━━ SUPPLIED RECORDS ━━

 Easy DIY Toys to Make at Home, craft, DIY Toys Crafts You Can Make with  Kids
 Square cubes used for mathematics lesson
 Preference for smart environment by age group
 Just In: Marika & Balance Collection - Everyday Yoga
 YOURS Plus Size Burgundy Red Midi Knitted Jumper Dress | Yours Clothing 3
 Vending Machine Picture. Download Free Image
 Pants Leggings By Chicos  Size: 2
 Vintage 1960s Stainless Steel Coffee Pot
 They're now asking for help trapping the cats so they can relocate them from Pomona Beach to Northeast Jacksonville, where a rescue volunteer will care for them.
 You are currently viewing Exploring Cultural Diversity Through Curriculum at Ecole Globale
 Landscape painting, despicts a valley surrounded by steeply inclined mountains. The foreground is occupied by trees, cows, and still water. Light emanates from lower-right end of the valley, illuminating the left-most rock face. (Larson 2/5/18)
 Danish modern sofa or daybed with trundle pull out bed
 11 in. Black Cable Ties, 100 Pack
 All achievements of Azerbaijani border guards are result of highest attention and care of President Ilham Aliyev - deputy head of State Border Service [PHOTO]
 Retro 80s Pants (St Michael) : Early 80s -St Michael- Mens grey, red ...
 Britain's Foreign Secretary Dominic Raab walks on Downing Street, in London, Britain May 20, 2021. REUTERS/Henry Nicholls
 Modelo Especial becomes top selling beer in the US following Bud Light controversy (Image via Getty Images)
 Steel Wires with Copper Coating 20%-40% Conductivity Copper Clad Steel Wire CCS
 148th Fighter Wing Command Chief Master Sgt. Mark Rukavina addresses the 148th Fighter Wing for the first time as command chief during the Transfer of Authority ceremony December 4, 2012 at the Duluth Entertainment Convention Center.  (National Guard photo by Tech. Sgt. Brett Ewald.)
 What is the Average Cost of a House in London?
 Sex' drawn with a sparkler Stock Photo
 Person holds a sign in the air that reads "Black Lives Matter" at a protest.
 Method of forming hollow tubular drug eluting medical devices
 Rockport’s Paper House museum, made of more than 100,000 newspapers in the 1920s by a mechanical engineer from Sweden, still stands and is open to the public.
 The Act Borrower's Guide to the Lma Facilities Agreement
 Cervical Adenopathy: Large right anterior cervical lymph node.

━━━

**BRIEF**
The answer consists solely of the lines from the one containing "148th Fighter Wing Command" through the last line of the data above, reproduced exactly.

**EXERCISE SOLUTION**
 148th Fighter Wing Command Chief Master Sgt. Mark Rukavina addresses the 148th Fighter Wing for the first time as command chief during the Transfer of Authority ceremony December 4, 2012 at the Duluth Entertainment Convention Center.  (National Guard photo by Tech. Sgt. Brett Ewald.)
 What is the Average Cost of a House in London?
 Sex' drawn with a sparkler Stock Photo
 Person holds a sign in the air that reads "Black Lives Matter" at a protest.
 Method of forming hollow tubular drug eluting medical devices
 Rockport’s Paper House museum, made of more than 100,000 newspapers in the 1920s by a mechanical engineer from Sweden, still stands and is open to the public.
 The Act Borrower's Guide to the Lma Facilities Agreement
 Cervical Adenopathy: Large right anterior cervical lymph node.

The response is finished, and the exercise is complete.